• [Available data]
>>>>>

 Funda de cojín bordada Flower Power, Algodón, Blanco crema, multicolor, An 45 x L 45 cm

<<<<<
>>>>>

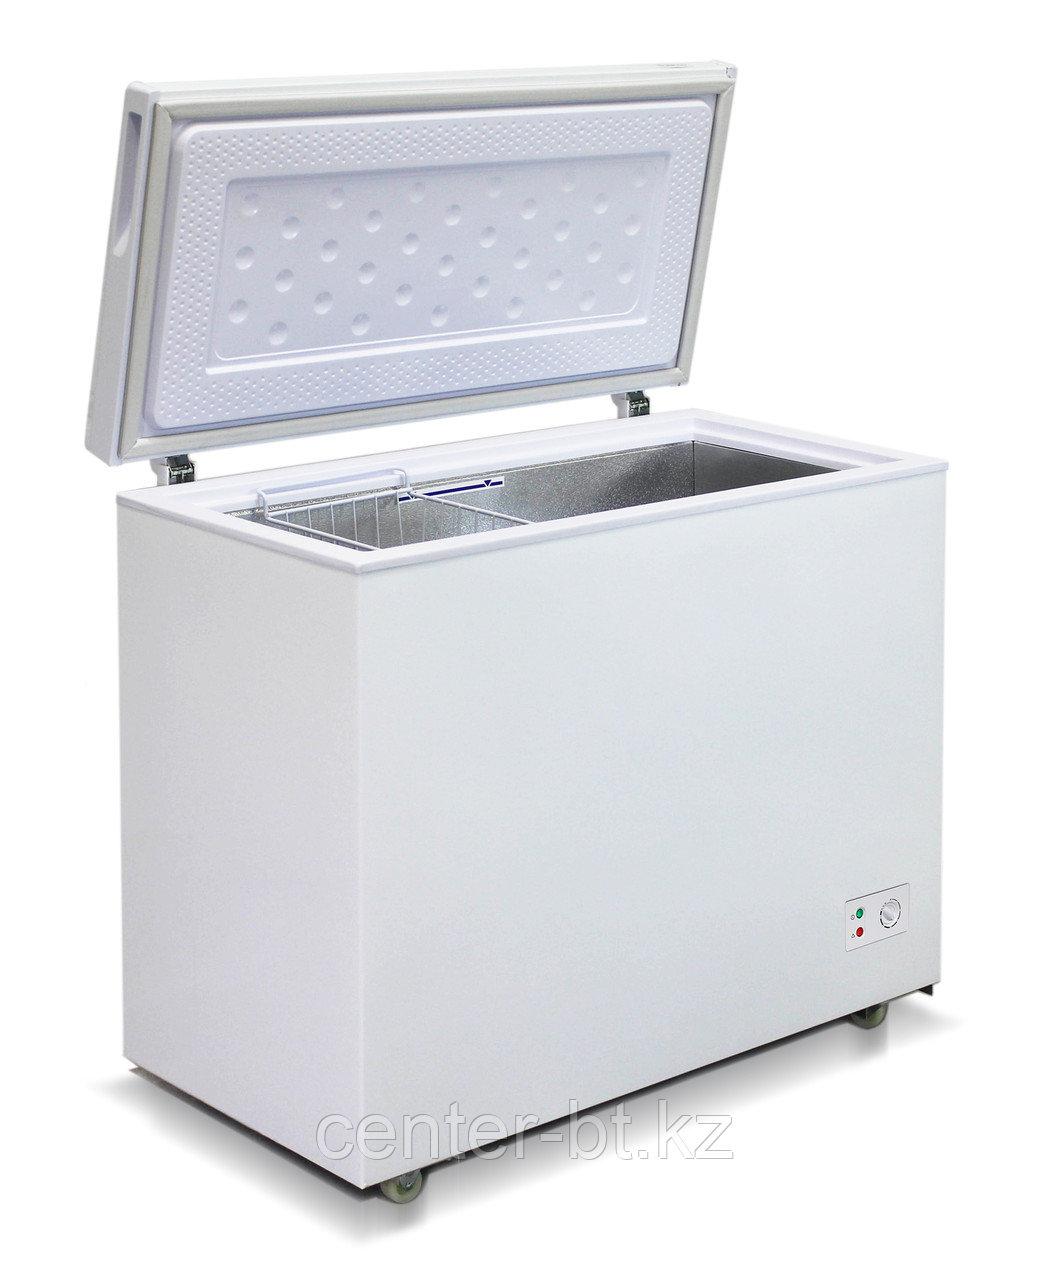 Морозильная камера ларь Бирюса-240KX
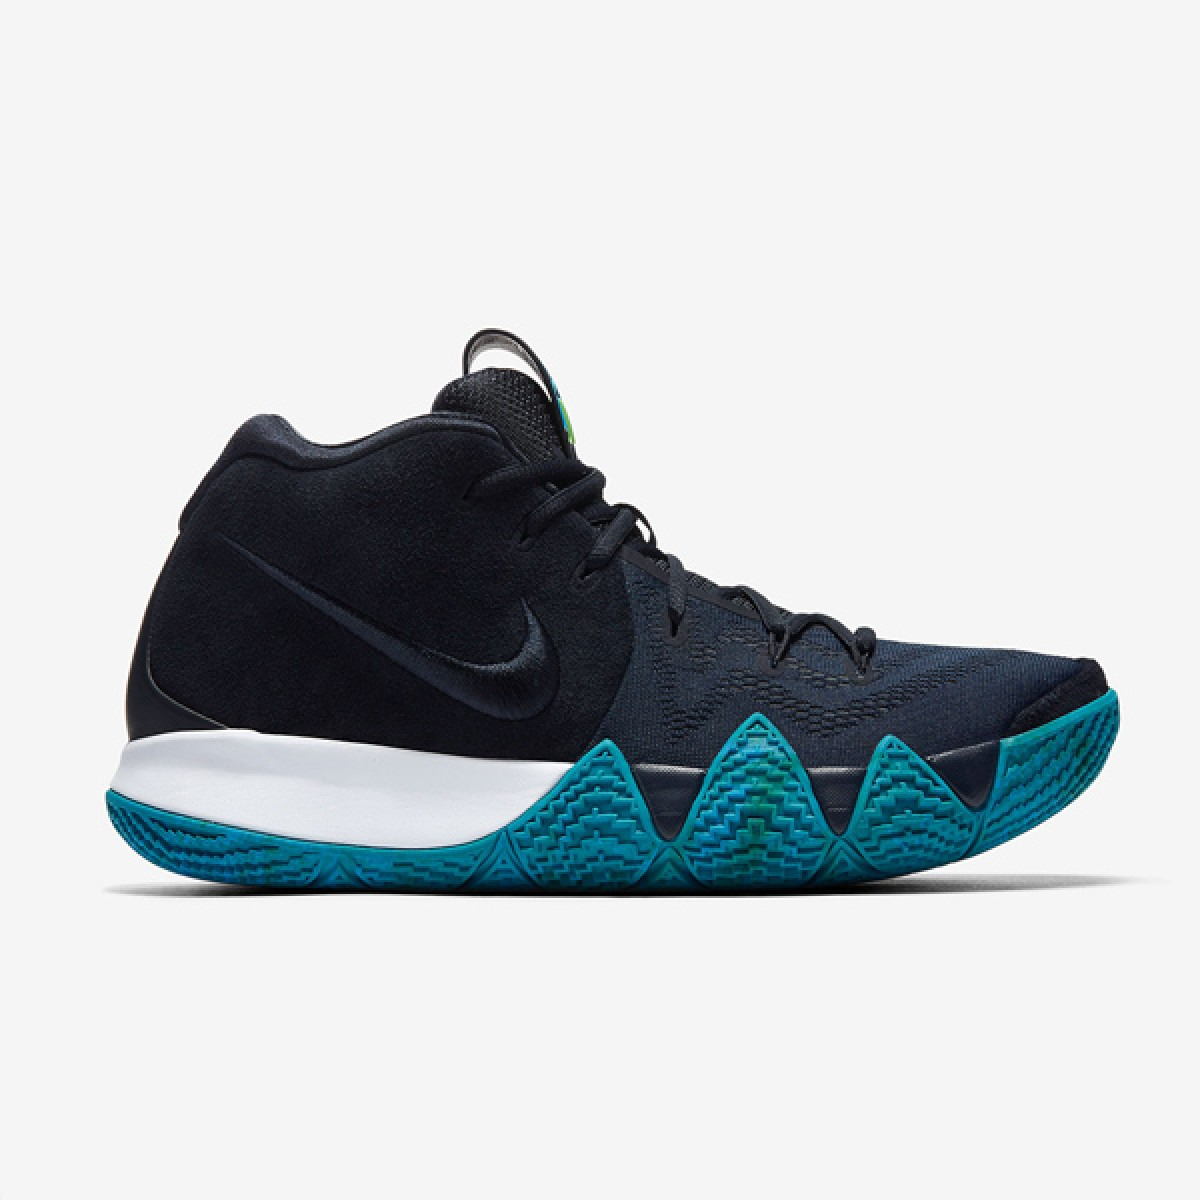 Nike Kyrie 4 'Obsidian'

<<<<<

• [Activity]
What you return from the records above should be exactly everything from the line with "Морозильная камера ларь Бирюса-240KX" down to the line with "Nike Kyrie 4 'Obsidian'", both kept, and no pictures.

• [Written answer]
 Морозильная камера ларь Бирюса-240KX
 Nike Kyrie 4 'Obsidian'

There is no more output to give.